ACTIVITY.
Each line from the one containing "Le pantalon coupe" through the end of the entries below must be output exactly; no other line belongs.

Collected data
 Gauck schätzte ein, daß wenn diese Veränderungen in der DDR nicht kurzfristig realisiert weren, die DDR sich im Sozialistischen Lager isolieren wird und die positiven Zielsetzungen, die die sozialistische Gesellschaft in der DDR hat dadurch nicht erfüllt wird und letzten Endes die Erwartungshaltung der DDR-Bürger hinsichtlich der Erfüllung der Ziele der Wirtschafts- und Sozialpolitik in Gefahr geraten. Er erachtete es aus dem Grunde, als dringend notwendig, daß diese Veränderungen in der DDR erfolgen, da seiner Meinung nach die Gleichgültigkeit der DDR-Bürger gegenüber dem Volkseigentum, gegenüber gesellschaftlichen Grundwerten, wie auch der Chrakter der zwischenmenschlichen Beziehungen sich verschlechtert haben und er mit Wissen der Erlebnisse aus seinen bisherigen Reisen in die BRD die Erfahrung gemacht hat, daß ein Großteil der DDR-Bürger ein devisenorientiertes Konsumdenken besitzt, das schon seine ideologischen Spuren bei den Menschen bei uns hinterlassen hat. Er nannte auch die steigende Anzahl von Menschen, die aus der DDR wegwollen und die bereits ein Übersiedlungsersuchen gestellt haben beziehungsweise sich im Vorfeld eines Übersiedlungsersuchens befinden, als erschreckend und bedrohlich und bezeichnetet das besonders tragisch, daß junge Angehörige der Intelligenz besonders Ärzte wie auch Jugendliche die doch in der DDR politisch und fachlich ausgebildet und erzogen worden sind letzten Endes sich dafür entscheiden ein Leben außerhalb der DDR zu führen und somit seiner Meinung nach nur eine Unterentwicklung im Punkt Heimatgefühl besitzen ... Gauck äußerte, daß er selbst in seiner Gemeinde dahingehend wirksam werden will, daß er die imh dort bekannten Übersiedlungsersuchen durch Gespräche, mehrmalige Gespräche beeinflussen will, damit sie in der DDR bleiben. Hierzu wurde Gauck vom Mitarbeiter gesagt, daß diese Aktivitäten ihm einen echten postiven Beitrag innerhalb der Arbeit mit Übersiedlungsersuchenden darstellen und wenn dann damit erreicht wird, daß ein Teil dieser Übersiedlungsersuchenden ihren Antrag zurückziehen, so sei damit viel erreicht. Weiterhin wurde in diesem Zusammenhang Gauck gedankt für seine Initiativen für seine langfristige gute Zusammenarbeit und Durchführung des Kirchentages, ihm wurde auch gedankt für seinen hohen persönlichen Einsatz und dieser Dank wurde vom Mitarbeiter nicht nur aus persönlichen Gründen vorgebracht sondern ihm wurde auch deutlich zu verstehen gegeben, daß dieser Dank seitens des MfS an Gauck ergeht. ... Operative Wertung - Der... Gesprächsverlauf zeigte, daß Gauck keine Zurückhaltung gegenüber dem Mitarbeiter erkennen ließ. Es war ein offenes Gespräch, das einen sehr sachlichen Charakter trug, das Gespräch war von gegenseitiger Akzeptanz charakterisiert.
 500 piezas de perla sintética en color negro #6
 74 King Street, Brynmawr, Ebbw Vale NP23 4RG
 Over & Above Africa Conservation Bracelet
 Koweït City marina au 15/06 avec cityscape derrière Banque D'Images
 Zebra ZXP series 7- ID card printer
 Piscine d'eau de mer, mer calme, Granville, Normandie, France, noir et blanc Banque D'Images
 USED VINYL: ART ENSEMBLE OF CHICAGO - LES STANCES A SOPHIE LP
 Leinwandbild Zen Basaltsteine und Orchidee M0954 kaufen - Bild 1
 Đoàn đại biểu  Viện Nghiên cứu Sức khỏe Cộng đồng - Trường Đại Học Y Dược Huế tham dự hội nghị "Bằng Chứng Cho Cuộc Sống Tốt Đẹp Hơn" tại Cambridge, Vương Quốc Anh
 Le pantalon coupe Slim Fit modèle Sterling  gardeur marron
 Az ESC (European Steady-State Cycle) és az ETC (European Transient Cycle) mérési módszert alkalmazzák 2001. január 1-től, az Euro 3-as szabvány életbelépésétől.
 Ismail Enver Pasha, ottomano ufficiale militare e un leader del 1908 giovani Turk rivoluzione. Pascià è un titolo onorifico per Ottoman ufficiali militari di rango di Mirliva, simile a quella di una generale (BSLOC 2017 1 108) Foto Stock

RESPONSE AREA.
 Le pantalon coupe Slim Fit modèle Sterling  gardeur marron
 Az ESC (European Steady-State Cycle) és az ETC (European Transient Cycle) mérési módszert alkalmazzák 2001. január 1-től, az Euro 3-as szabvány életbelépésétől.
 Ismail Enver Pasha, ottomano ufficiale militare e un leader del 1908 giovani Turk rivoluzione. Pascià è un titolo onorifico per Ottoman ufficiali militari di rango di Mirliva, simile a quella di una generale (BSLOC 2017 1 108) Foto Stock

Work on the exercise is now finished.